I had something similar but chickened out at the last minute, I really like 22 days of paid vacation, but...... basically gave up on 27% increase. Anyway enough about me, like Tech mentioned make sure you check those premiums. If you wife's insurance is solid and you can get on with her sounds like a win. -
Mooseboost Member Posts: 778 ■■■■□□□□□□So.. as it turns out, me losing my benefits for any reason (including job change) qualifies my spouses insurance to be changed outside of the enrollment period. The contract companies coverage is rubbish to be honest so it did have me worried.
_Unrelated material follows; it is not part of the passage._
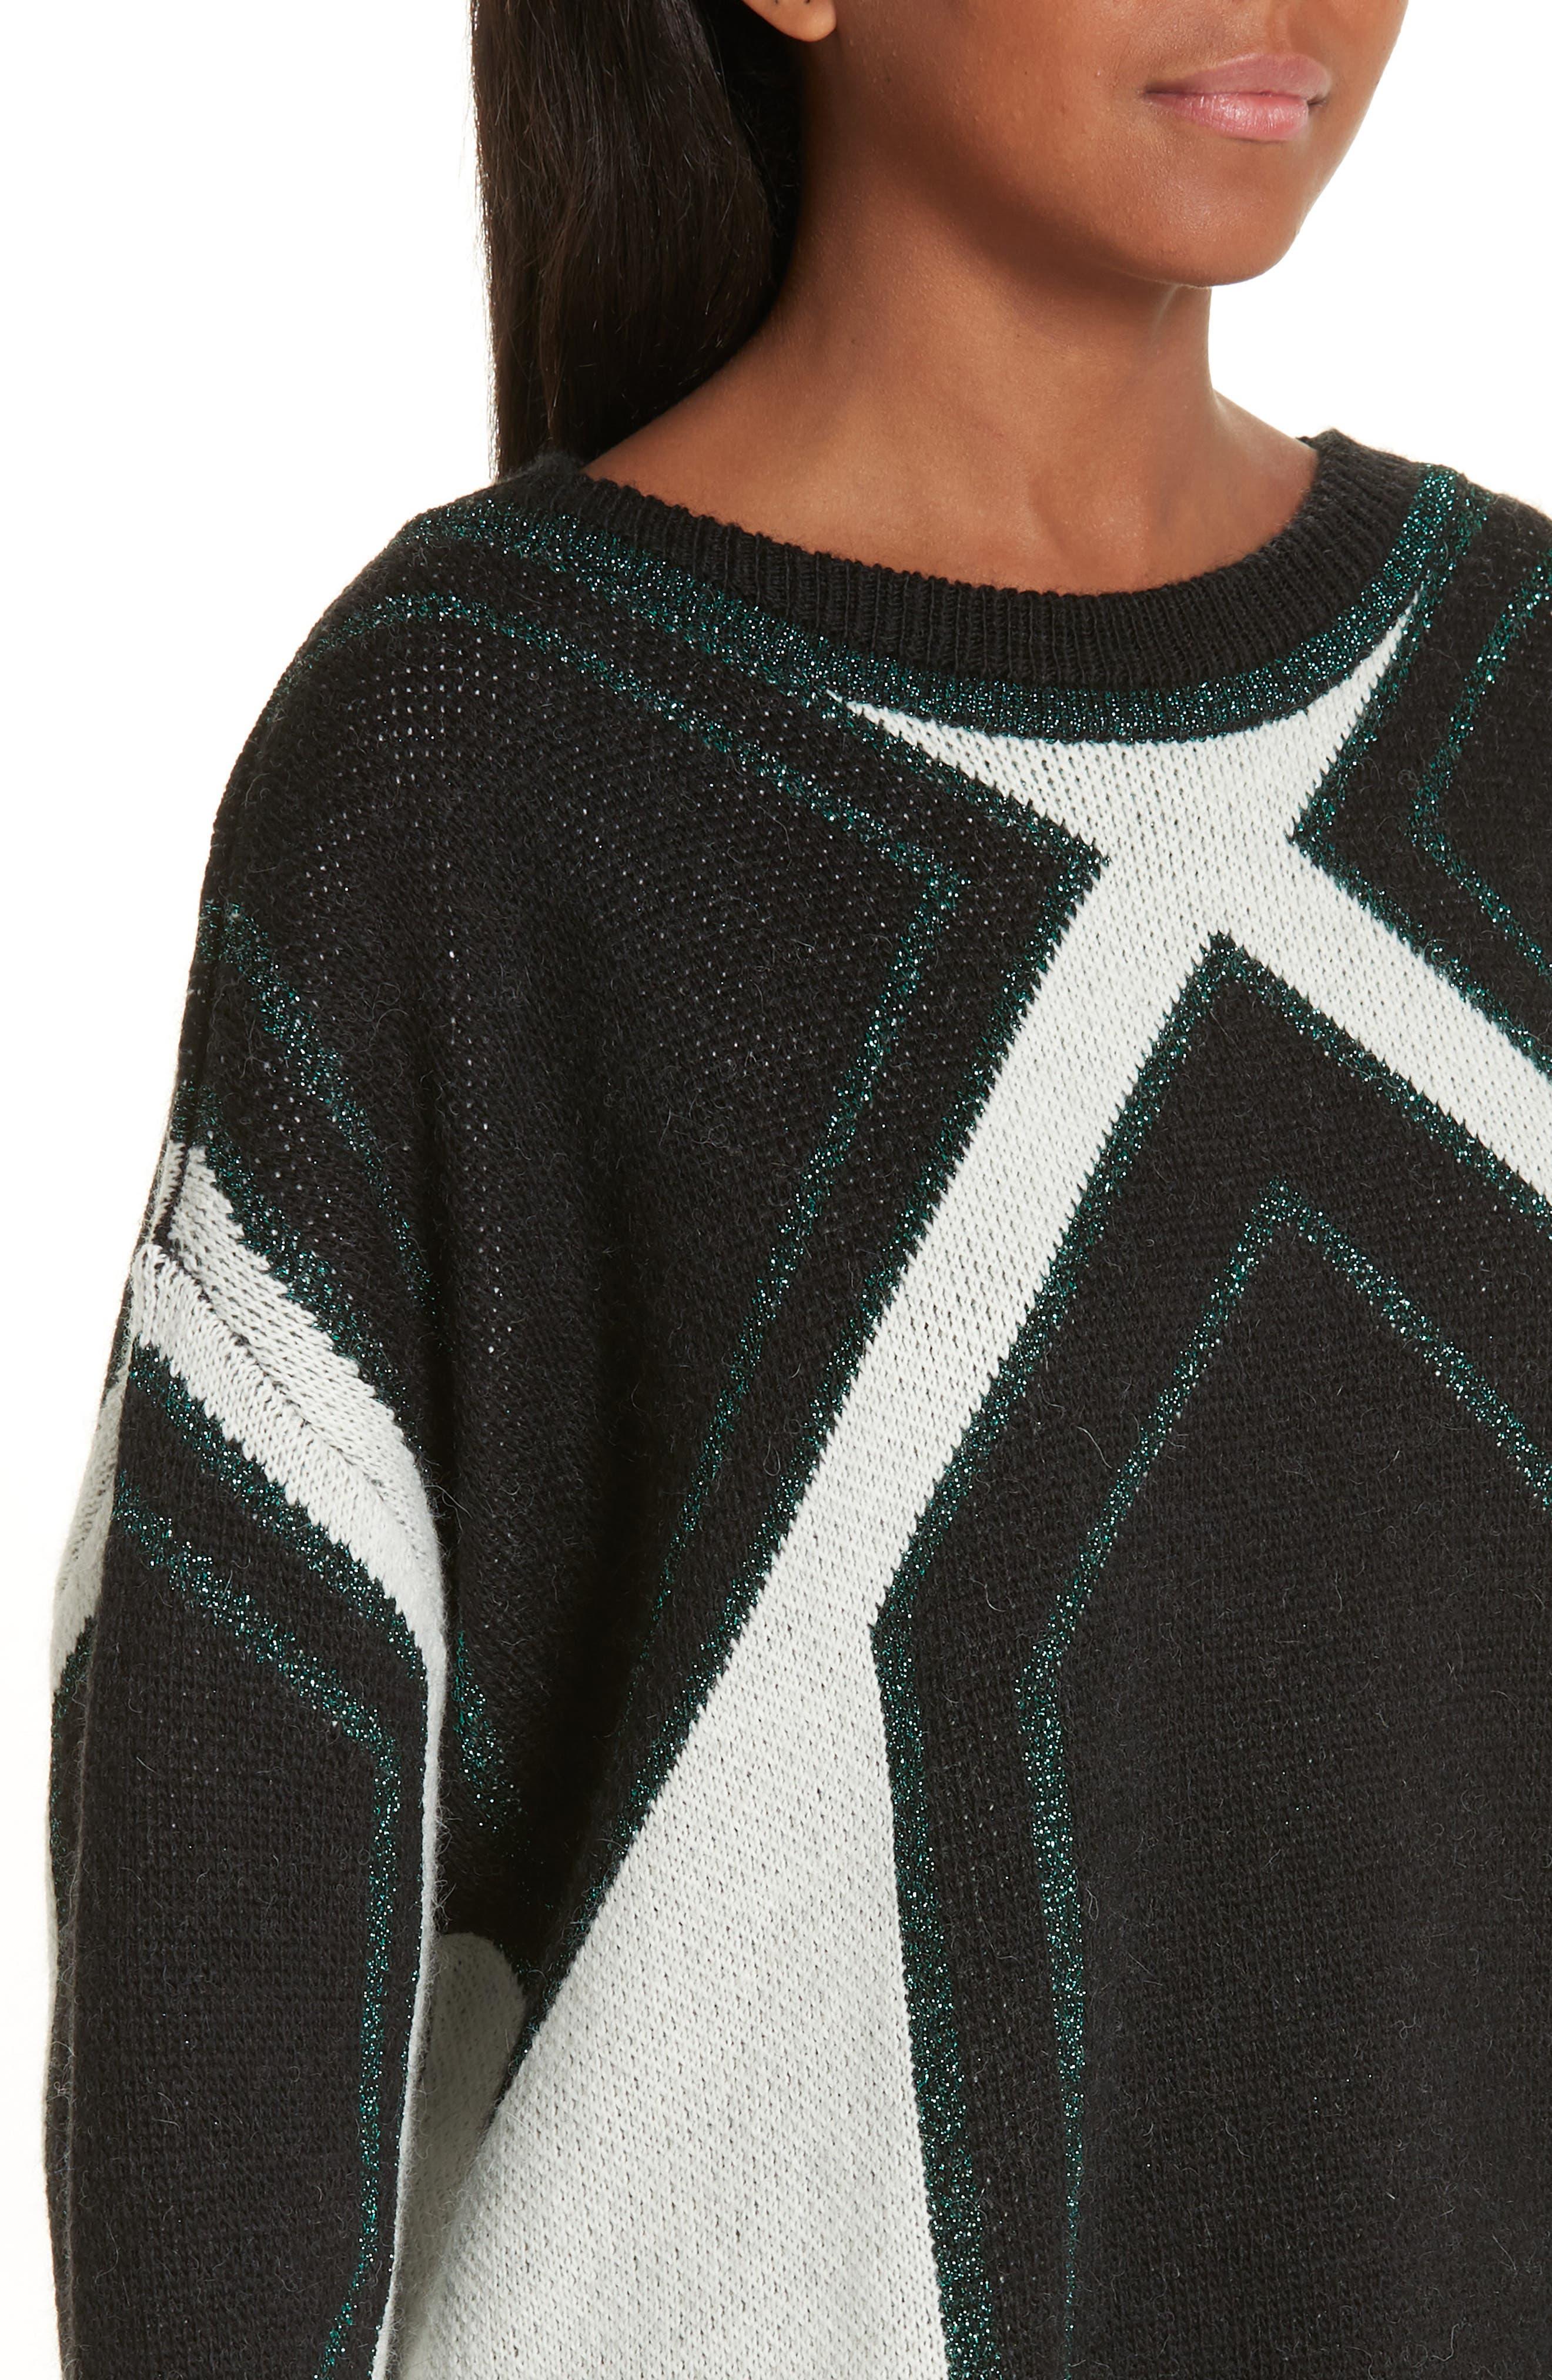 Velny Sweater,                             Alternate thumbnail 4, color,                             MULTI

But, I can get added onto the insurance and even the best plan comes out cheaper for us both than my individual plan would be from the contract company. I suppose I did freak out a bit and didn't look at other options. So in the end, all is well.
This job is good for my career. From what I hear red badges are not the glory of Cisco, but having Cisco on my resume and getting real security experience puts me on the path to where I ultimately want to end up. Not to mention there is some chance of moving to a blue badge eventually or getting to cross into another position. -
DatabaseHead Member Posts: 2,754 ■■■■■■■■■■Just curious how old you are, I'm 41 (I find myself not quite the risk taker as I used to be)
Anyway I agree sounds like a major win and a great resume and skill builder. Awesome work. -
Mooseboost Member Posts: 778 ■■■■□□□□□□My last day at my old job was Friday. Now I have a couple of weeks off before I start at Cisco. Looking back, I am glad I decided to go with Cisco. I have always wanted to work there, even if it is contracted.
@DatabaseHead - I'm 25. -
TechGromit Member Posts: 2,156 ■■■■■■■■■□Mooseboost wrote: »Now I have a couple of weeks off before I start at Cisco.
Why the 2 week gap between jobs? Taking a vacation or something? Personally I would have scheduled things so I'm finished with the one job on a Friday and start the new job on a Monday.Still searching for the corner in a round room. -
Mooseboost Member Posts: 778 ■■■■□□□□□□TechGromit wrote: »Why the 2 week gap between jobs? Taking a vacation or something? Personally I would have scheduled things so I'm finished with the one job on a Friday and start the new job on a Monday.
Yup - taking a vacation. Outside of a family medical emergency, I have not really use vacation time in the last years. I wanted some time off to relax and enjoy things a bit before I started.